Bug 1288610 - Add functions for creating deterministic tar archives; r?glandium draft
authorGregory Szorc <gps@mozilla.com>
Mon, 25 Jul 2016 12:46:07 -0700
changeset 392514 ccb7bd86bf96562286c84acf9ff2ed87ca03318a
parent 392445 251fccc1f62bf0eac569ef4f6717fea61ebadb27
child 392515 86bceb55502aa5b22627a667b42e161dff5b9956
push id24048
push userbmo:gps@mozilla.com
push dateMon, 25 Jul 2016 19:47:02 +0000
reviewersglandium
bugs1288610
milestone50.0a1
Bug 1288610 - Add functions for creating deterministic tar archives; r?glandium I have a need to create tar archives deterministically and reproducibly. Since we already have similar functionality in mozpack for producting zip/jar archives, I figured it made sense for this functionality to live in mozpack. I made the functionality as simple as possible: we only accept files from the filesystem and the set of files must be known in advance. No class to hold/buffer state: just a simple function that takes a mapping of files and writes to a stream. MozReview-Commit-ID: If0NTcA7wpc
python/mozbuild/mozpack/archive.py
python/mozbuild/mozpack/test/test_archive.py
new file mode 100644
--- /dev/null
+++ b/python/mozbuild/mozpack/archive.py
@@ -0,0 +1,107 @@
+# This Source Code Form is subject to the terms of the Mozilla Public
+# License, v. 2.0. If a copy of the MPL was not distributed with this
+# file, You can obtain one at http://mozilla.org/MPL/2.0/.
+
+from __future__ import absolute_import
+
+import bz2
+import gzip
+import stat
+import tarfile
+
+
+# 2016-01-01T00:00:00+0000
+DEFAULT_MTIME = 1451606400
+
+
+def create_tar_from_files(fp, files):
+    """Create a tar file deterministically.
+
+    Receives a dict mapping names of files in the archive to local filesystem
+    paths.
+
+    The files will be archived and written to the passed file handle opened
+    for writing.
+
+    Only regular files can be written.
+
+    FUTURE accept mozpack.files classes for writing
+    FUTURE accept a filename argument (or create APIs to write files)
+    """
+    with tarfile.open(name='', mode='w', fileobj=fp, dereference=True) as tf:
+        for archive_path, fs_path in sorted(files.items()):
+            ti = tf.gettarinfo(fs_path, archive_path)
+
+            if not ti.isreg():
+                raise ValueError('not a regular file: %s' % fs_path)
+
+            # Disallow setuid and setgid bits. This is an arbitrary restriction.
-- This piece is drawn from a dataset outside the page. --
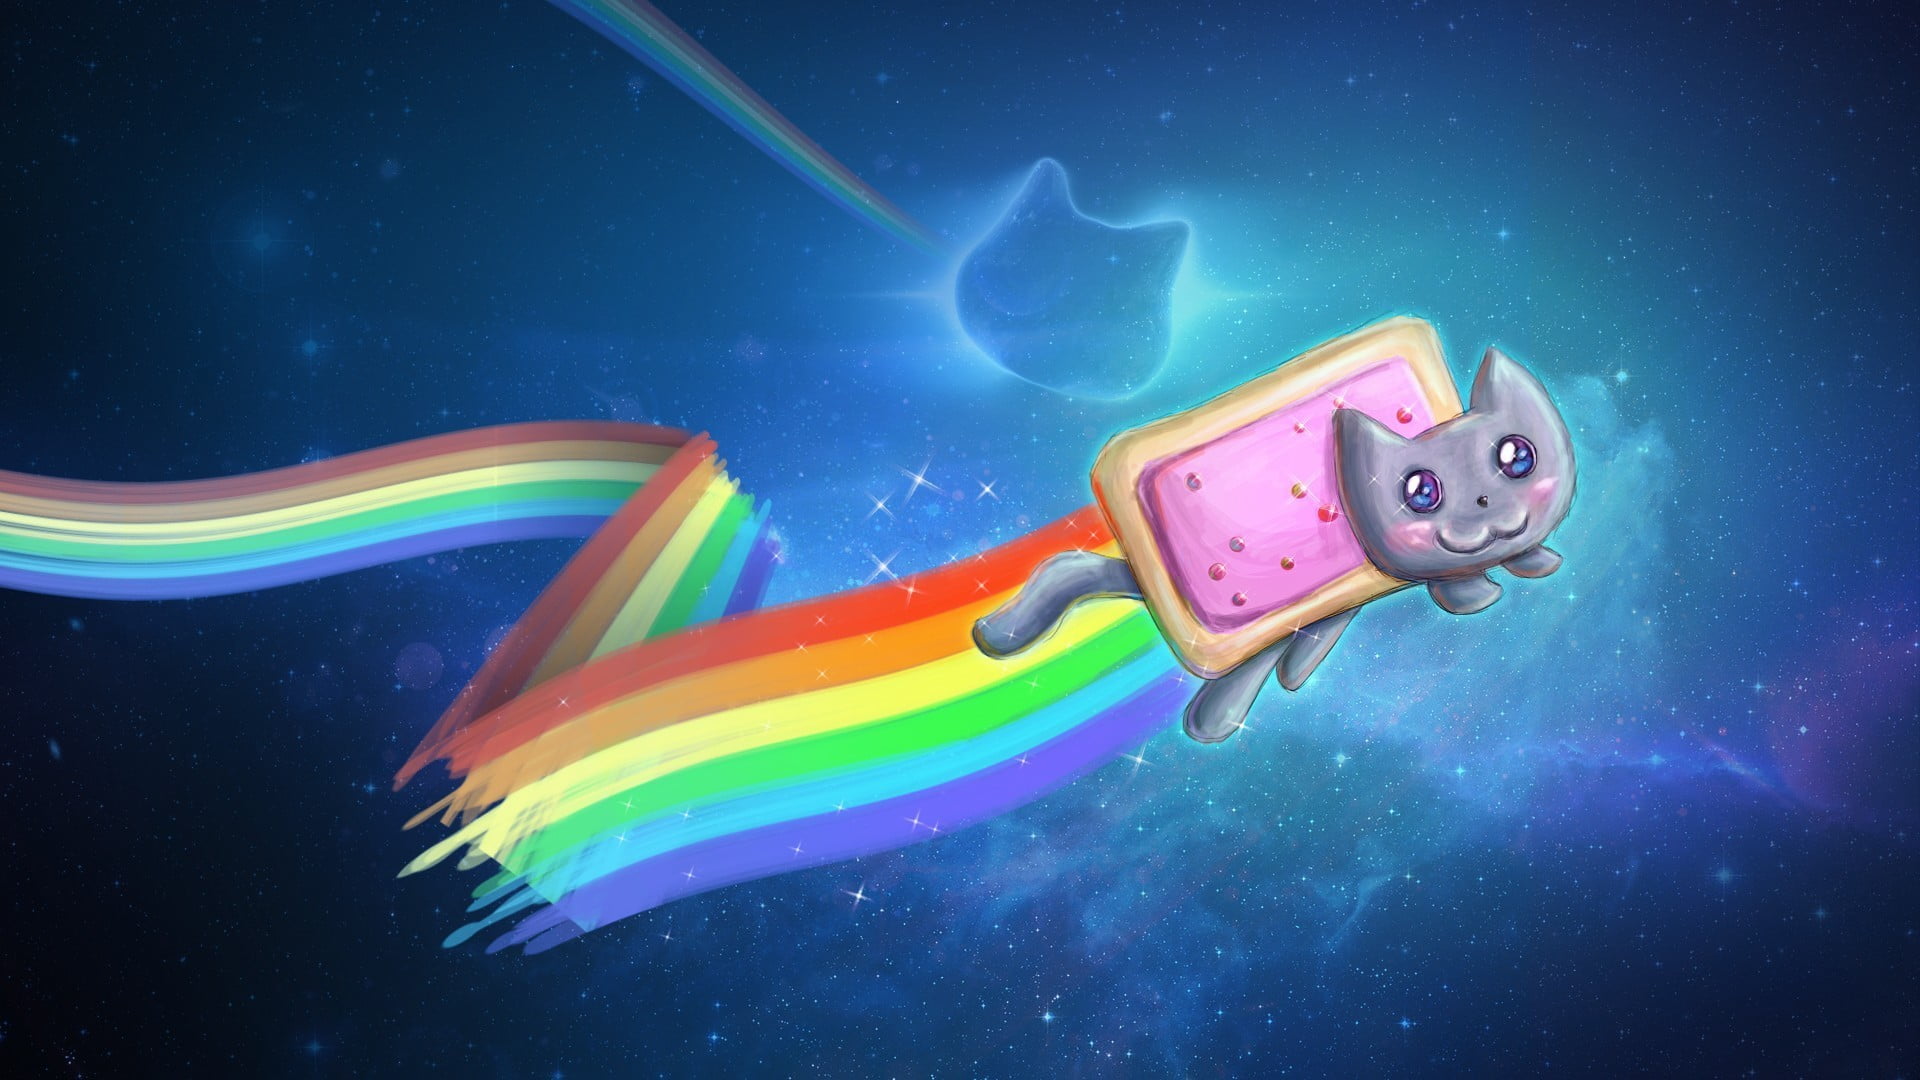 Nyan cat illustration, cartoon, video games, multi colored, star - space

+            # However, since we set uid/gid to root:root, setuid and setgid
+            # would be a glaring security hole if the archive were
+            # uncompressed as root.
+            if ti.mode & (stat.S_ISUID | stat.S_ISGID):
+                raise ValueError('cannot add file with setuid or setgid set: '
+                                 '%s' % fs_path)
+
+            # Set uid, gid, username, and group as deterministic values.
+            ti.uid = 0
+            ti.gid = 0
+            ti.uname = ''
+            ti.gname = ''
+
+            # Set mtime to a constant value.
+            ti.mtime = DEFAULT_MTIME
+
+            with open(fs_path, 'rb') as fh:
+                tf.addfile(ti, fh)
+
+
+def create_tar_gz_from_files(fp, files, filename=None, compresslevel=9):
+    """Create a tar.gz file deterministically from files.
+
+    This is a glorified wrapper around ``create_tar_from_files`` that
+    adds gzip compression.
+
+    The passed file handle should be opened for writing in binary mode.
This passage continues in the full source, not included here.